You can add any audio to your video by first removing the audio streams from video file. And then get the audio streams from audio file. And put them on the video file. We will be creating a separate file for output that will contain your video and new audio. Because we do not wanted to make any changes in the original file. You just needs to remember that the length of output file will be equal to the length of maximum media stream.

For example, if audio length is 10 seconds and video length is 15 seconds, the new output will be of 15 seconds. That is why it is a good practice to make the length of both files to be equal. If you have files of unequal lengths, you can always trim the video or audio to required length by following this tutorial. You can also try to keep audio streams from both (audio and video).
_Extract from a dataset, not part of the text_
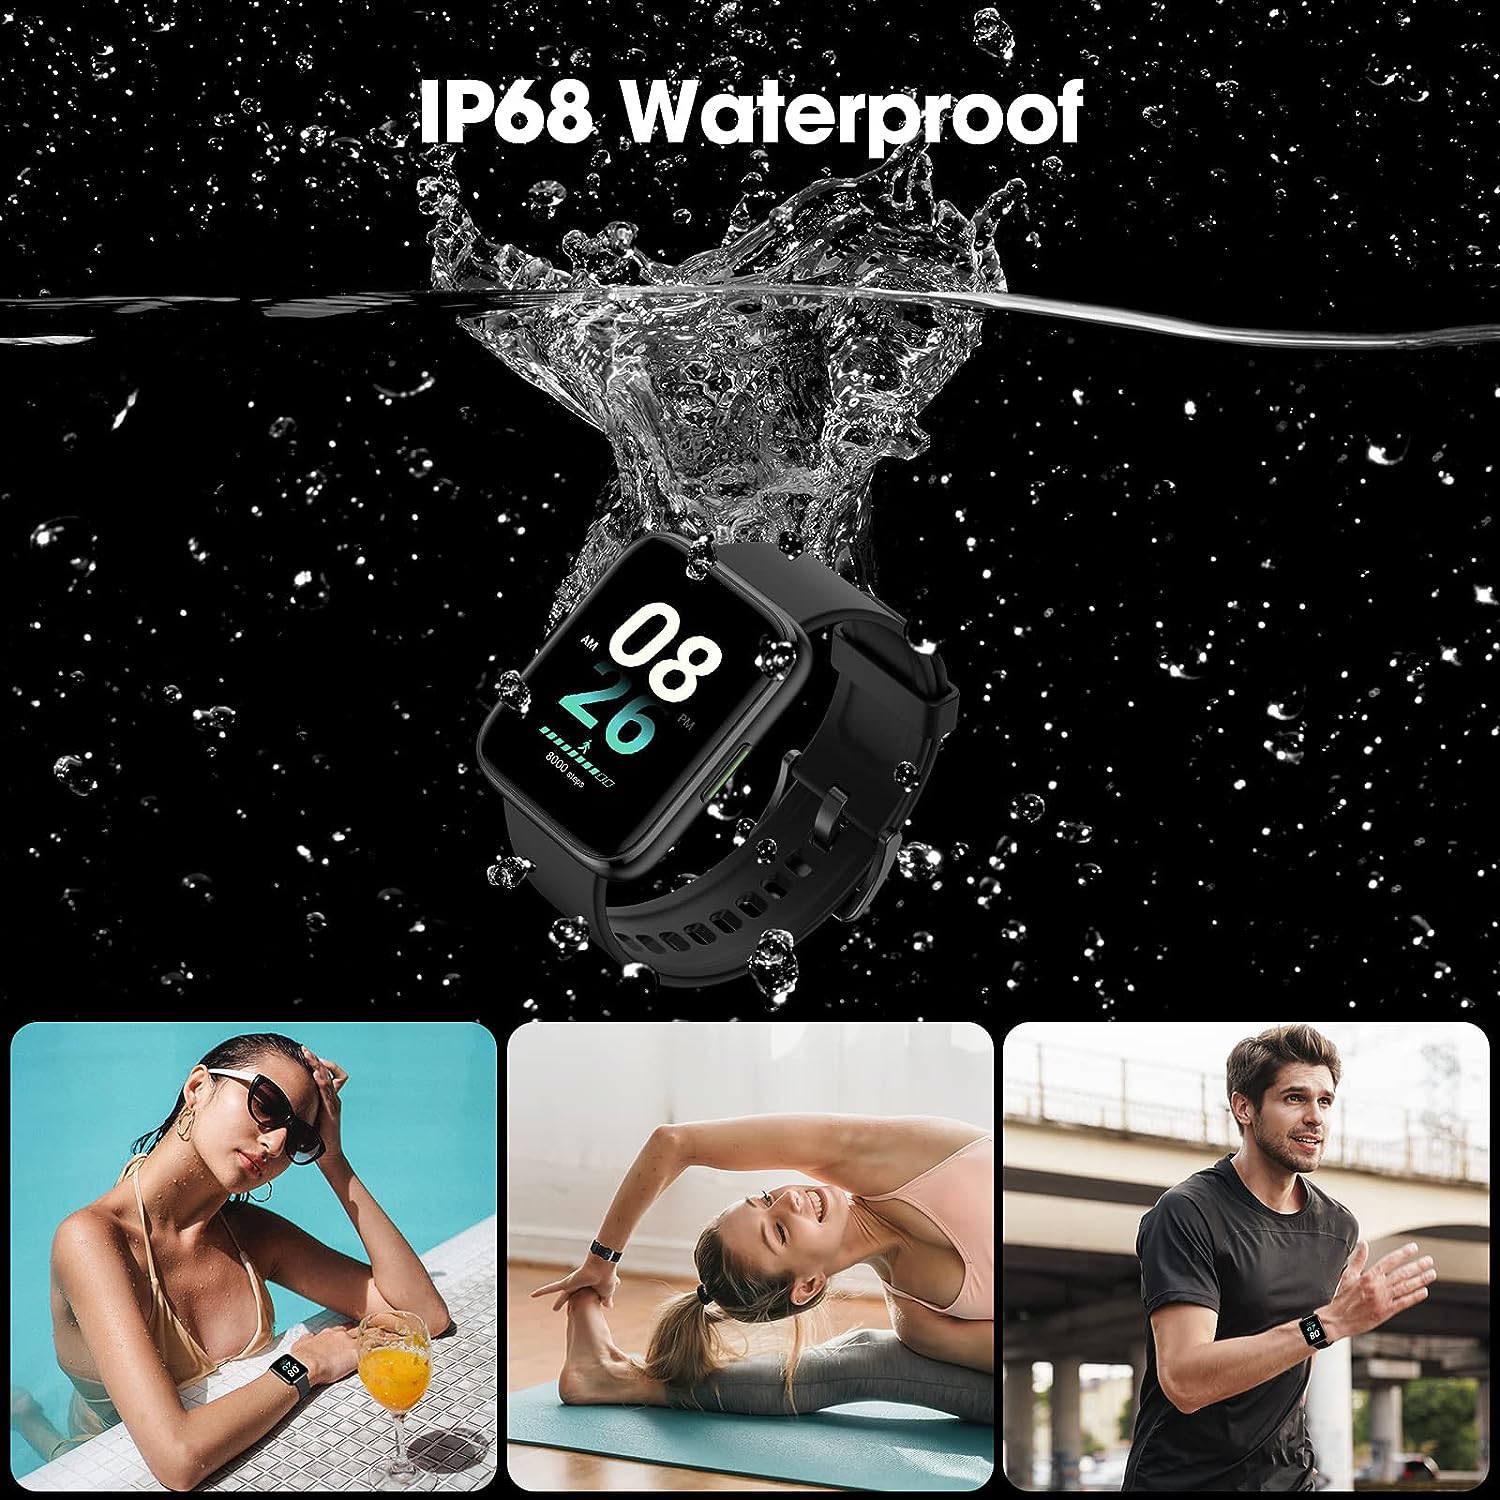 EURANS Smart Watch 44mm, AMOLED Always-on Display Fitness Watch with Heart Rate/Sleep Monitor Steps Calories Counter, IP68 Waterproof Activity Tracker Compatible with Android iOS

You may have seen it in some videos that has the actual sound of the video and they also have a very little, dim music in the background. These type of videos are best for explaining historical facts or world’s cultures etc.

Extract audio from video

Aside from adding music track, sometimes you want to extract an audio. You have a video song in your computer but cannot play that in music player. Because it is a video, you can convert that to audio and then listen that as audio file. As mentioned above, it will not affect your original video file. It will create a separate file with just audio in it. You are watching an action or thriller movie and you want to extract some of music track from it, you can first extract that specific part from video by following this tutorial and then convert that extracted video to audio.

Add music track to video

We will be using bootstrap darkly for layout and design, it will be included in the source files below. Below is the code that will create a simple form with 2 input fields. The first input field will be to select video where music track needs to be added. The second is the mp3 file which will be the music file that needs to be added in the background of selected video.

<link rel="stylesheet" href="bootstrap-darkly.min.css">

<div class="container" style="margin-top: 100px;">
    <div class="row">
        <div class="offset-md-4 col-md-4">
            <form method="POST" enctype="multipart/form-data">
                <div class="form-group">
                    <label>Select video</label>
                    <input type="file" name="video" class="form-control" required>
                </div>

                <div class="form-group">
                    <label>Select audio</label>
                    <input type="file" name="audio" class="form-control" required>
                </div>

                <input type="submit" class="btn btn-success" value="Add Audio">
            </form>
        </div>
    </div>
</div>

Now we need to process the form data and replace the video’s actual audio with a selected music track. Paste the following code at the top or bottom of your PHP file:

<?php

    if ($_SERVER["REQUEST_METHOD"] == "POST")
    {
        $video = $_FILES["video"]["tmp_name"];
        $audio = $_FILES["audio"]["tmp_name"];

        $command = "/usr/local/bin/ffmpeg -i " . $video . " -i " . $audio . " -c:v copy -map 0:v:0 -map 1:a:0 output.mp4";
        system($command);

        $command = "/usr/local/bin/ffmpeg -i " . $video . " original-audio.mp3";
        system($command);
    }

?>

Extracting audio

At this point, we have replaced the video’s actual audio with selected music. Now we wanted to extract the actual audio. This will also be useful if you wanted to convert any video song into mp3 file. This will not only save your memory but also helps in listening the song in your mp3 player or iPod, which otherwise you won’t be able to do. To extract audio from selected video you just needs to run another command right below your system function call.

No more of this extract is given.